The Aetas among us
It was in the wake of the Great Earthquake of 1990 that Aetas coming down to Metro Manila to beg became a fixture of our metropolitan lives. Over the past decade or so, they have also engaged in an annual migration to Metro Manila to beg during the holiday season. Last Thursday, in New Manila, I saw one Aeta walking around with a hand-lettered sign; over the years, they have tended to congregate to sleep on the sidewalk in front of the San Juan Reservoir.
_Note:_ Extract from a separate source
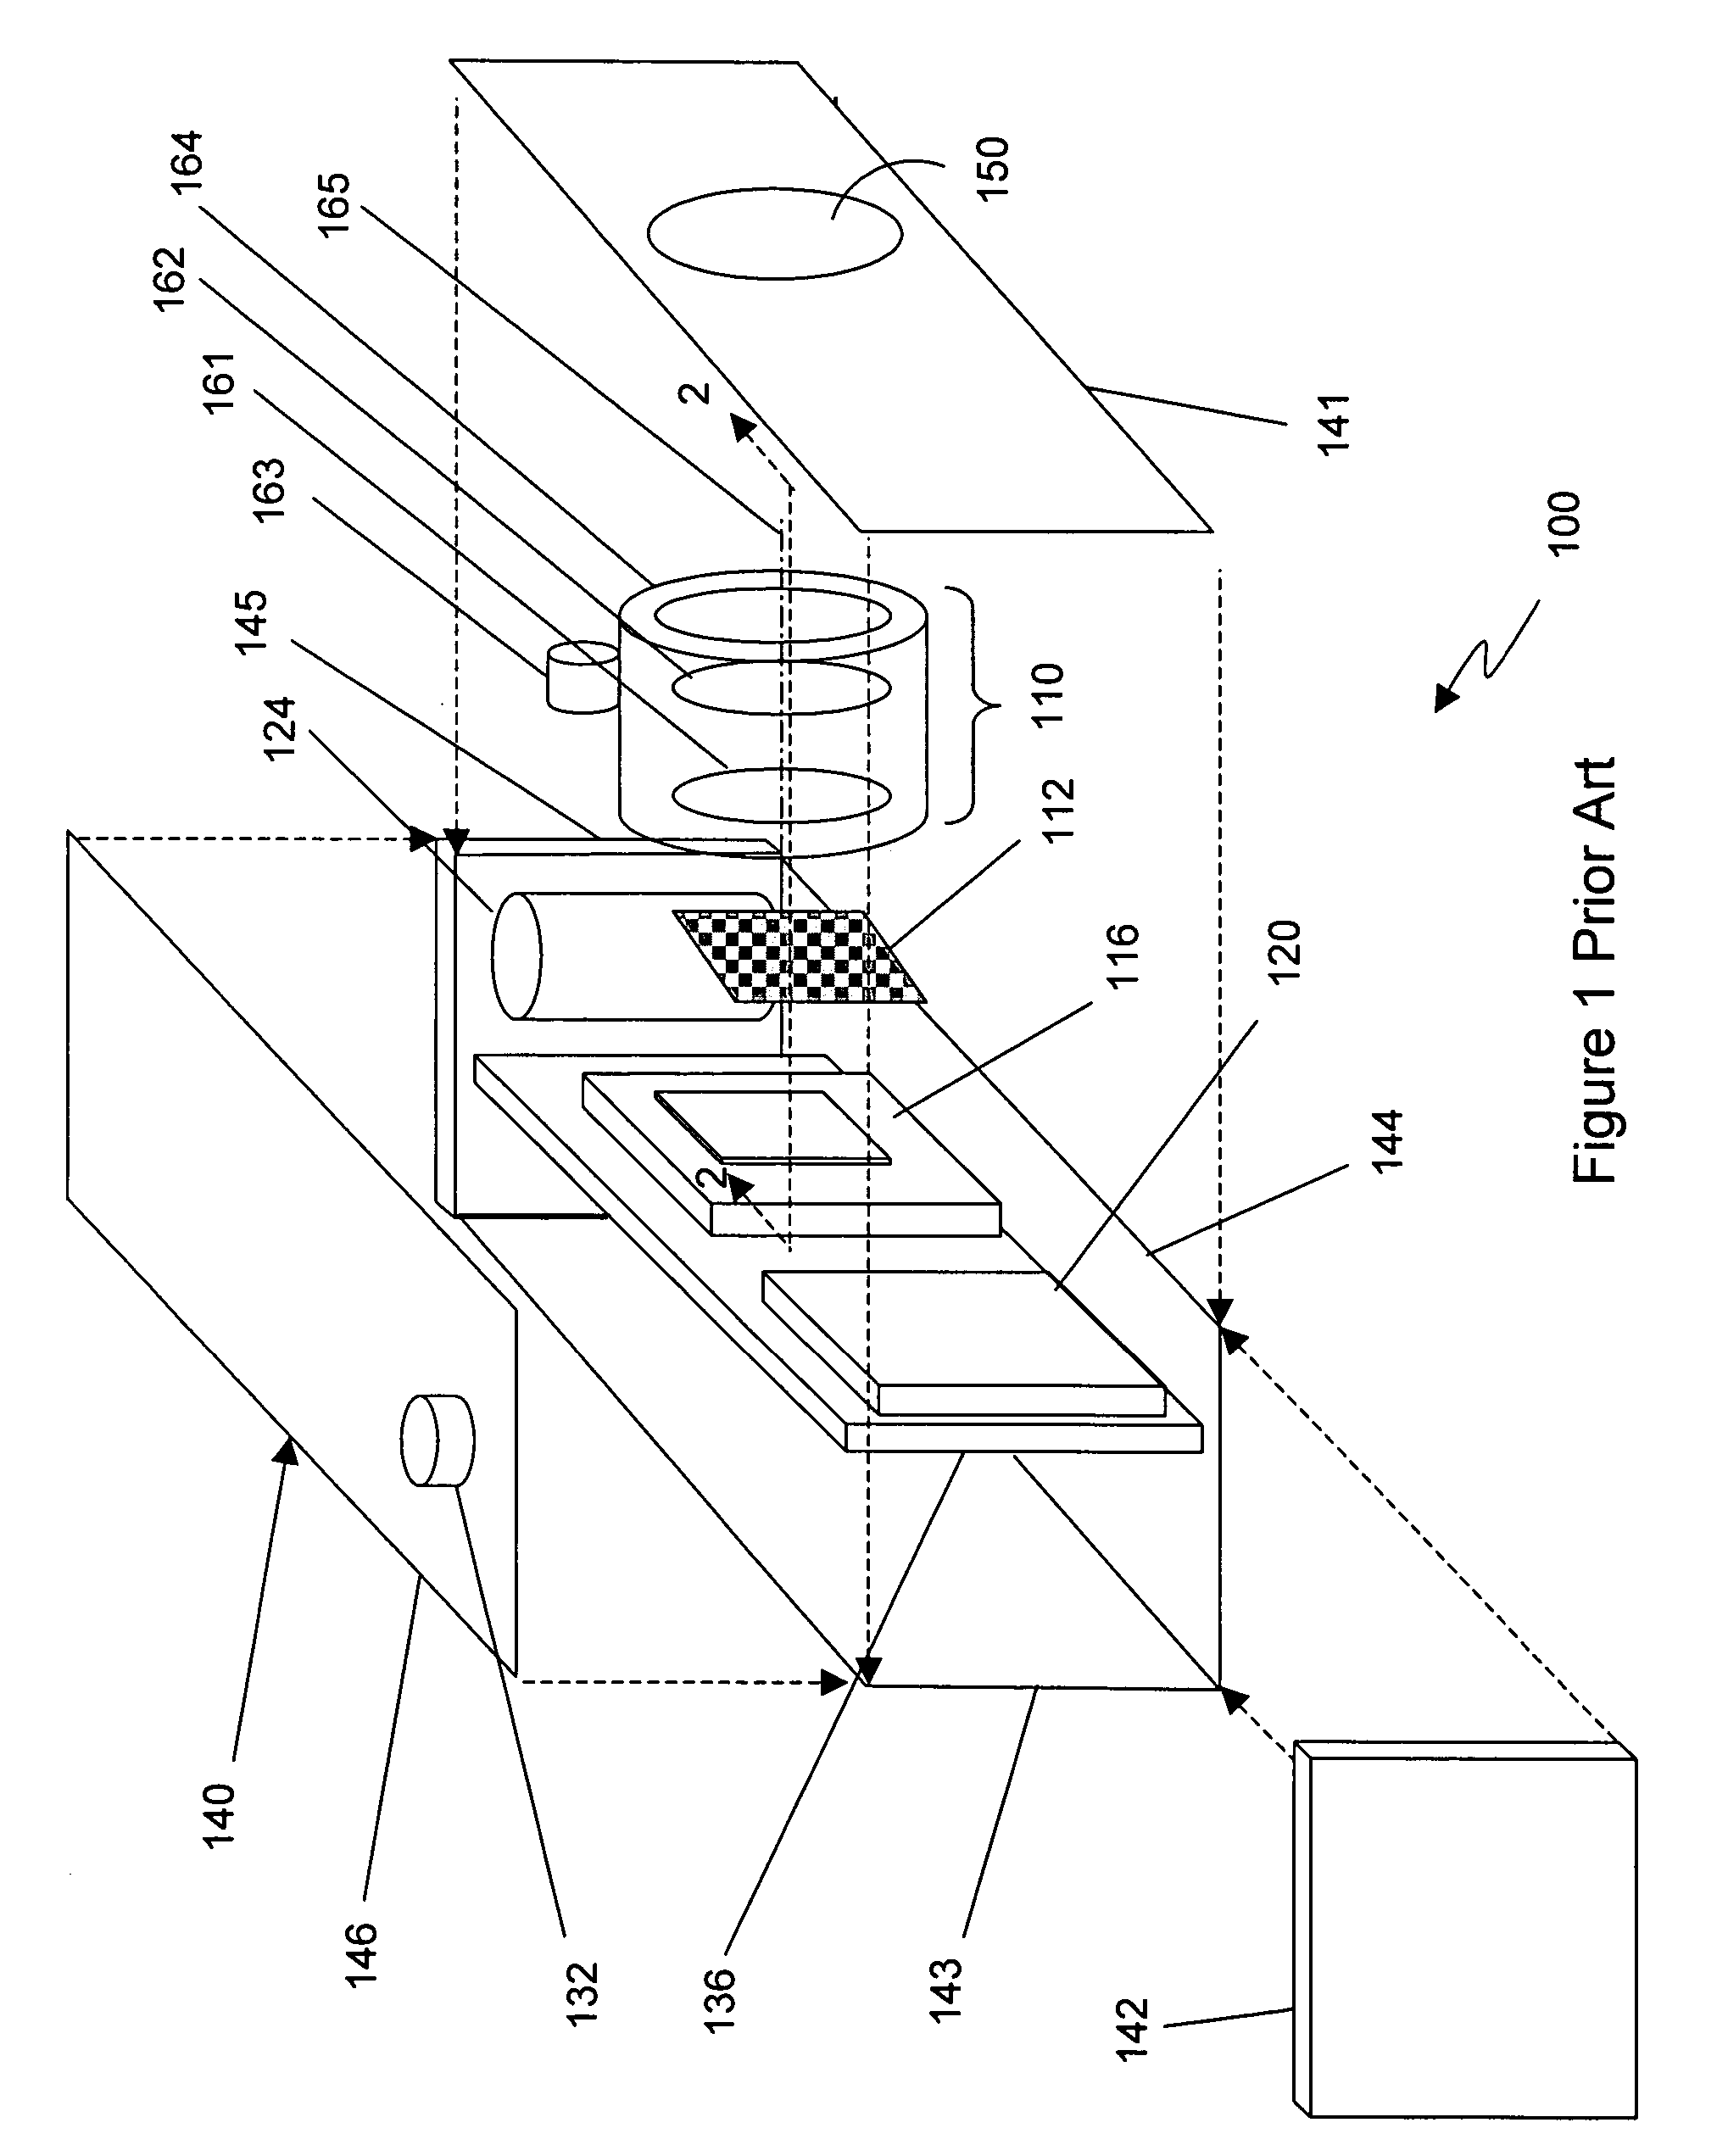 Method and apparatus for use in camera and systems employing same
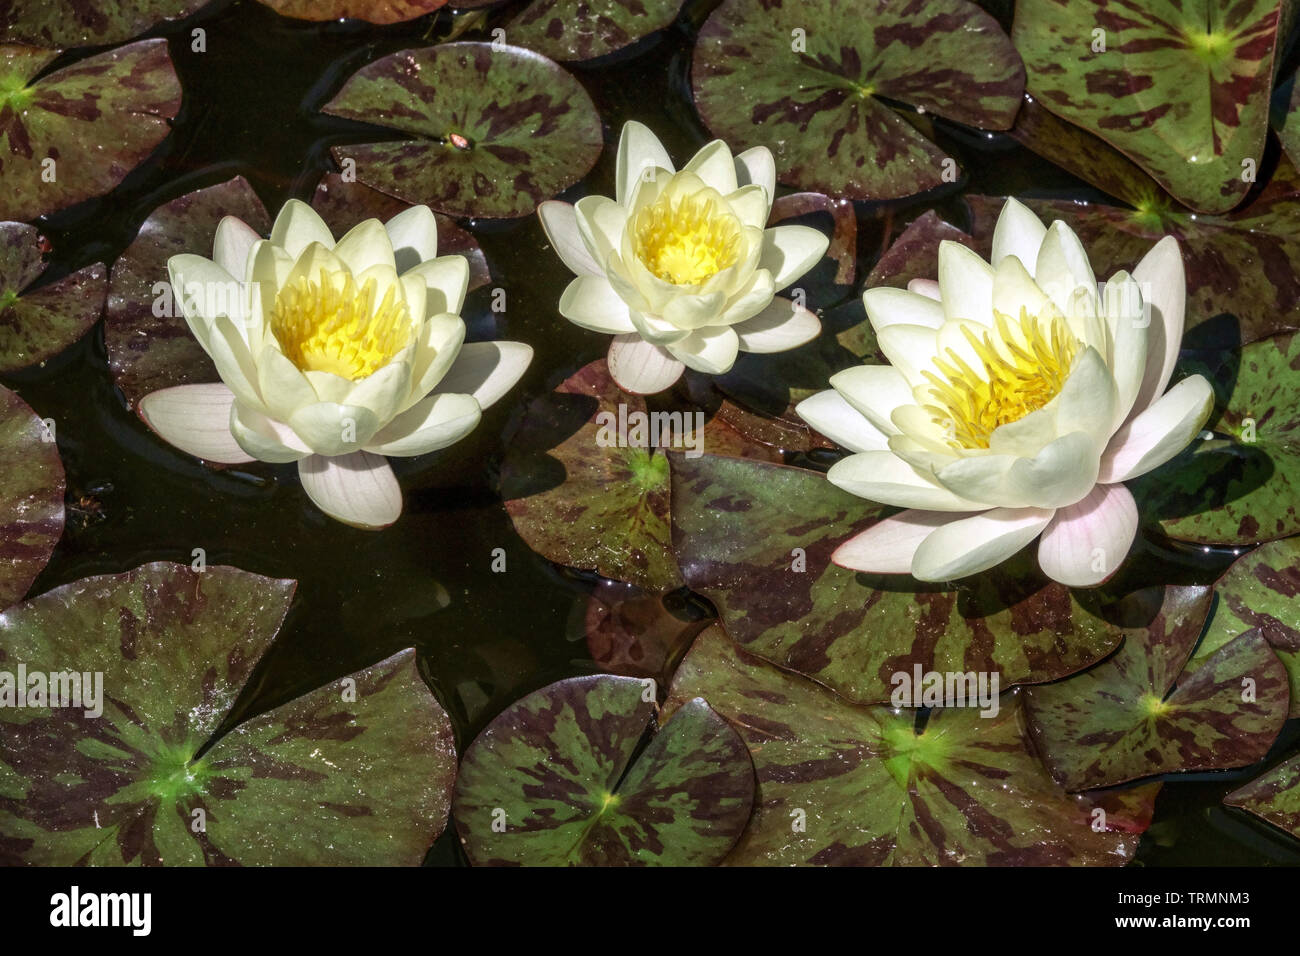 Water lily flower, white yellow flowers Nymphaea alba small garden pond Stock Photo

What natural disasters began — the displacement and continuing poverty that makes annual migrations to beg something to do — official policies might well make even worse. The New Clark City (formerly Clark Green City) project of the government has officially notified Aetas that they are being evicted from the land they occupy. At best, they can look forward to forced resettlement somewhere else. The irony is that the passing of the colonial era may be harsher for the Aetas than it was during the time of the Americans, who preserved forest areas within their base perimeters for conducting jungle warfare training courses, and where the Aetas gave them jungle and mountain living training. The Americans are gone, and nature and the Aetas don’t stand a chance.Here, once two different world views collide: the precolonial, indeed, prehistoric, culture and world-view of the Aetas, and that of the present-day republic with its colonial and postcolonial history, laws and popular and official culture, itself a hybrid of the precolonial lowlanders and the nation-state. Under our present republic, laws have tried to harmonize the two, by creating the category of ancestral domains, collectively administered by what used to be called non-Christian tribes and, today, indigenous peoples (IPs). But as the eviction of the Aetas proves, the closer to urban areas, the further away in practice the lives of IPs get from the supposed protection and respect of our laws.
The collision of world views has cost in lives. Forests and other ancestral domains, because of the nature of insurgency, are also of interest to rebels. A peace advocate long ago told me it takes a decade for change to become permanent; and that one of the most effective means for peace promotion in communities was for a community to stand up and declare itself out of bounds for both the Armed Forces and communist rebels. Headlines frequently refer to Lumad communities, for example, whom the Armed Forces claim are a hotbed of the insurgency; the counterclaims of allies of the insurgents denounce the AFP for interdicting “educational” and other community activities among the Lumad. The AFP, of course, is also widely suspected of being less interested in Lumad as IPs (and protecting their rights) than in fostering the financial interests of loggers and local politicians.
One commenter said the government ought to provide for livelihood training and so forth for the Aetas, which reminds me of a story someone who’d worked with a nongovernmental organization once told me. They’d gotten their volunteers to build Gawad Kalinga or Habitat for Humanity-type homes for the Aetas, but they ended up dying: “They were literally baking to death having to live in little concrete houses with GI sheet roofs,” the person claimed. Whether true or not, it reveals the problems that come with trying to turn uplanders into lowlanders: Deprived of habitat and culture, they become not just impoverished, but also spiritually and culturally marginalized—a double life sentence.
From 1916 to 1935, the Senate had two seats reserved for minorities (“non-Christian tribes”). One seat invariably went to a Moro leader; the other, to someone representing what today would be called IPs. From 1935 to 1971 and from 1987 to 1992, the old bargain with the Moros to incorporate them into the political class, and thus with the major parties supporting national Moro candidates for senator, endured. But the Marcos-era fragmentation of the Moro leadership, and the collapse of the party system, means that Moros have had no national representation for decades now. It might just be that in some future rethinking of the Senate, ensuring a seat for the Moros and the IPs might be an old idea whose time has come again.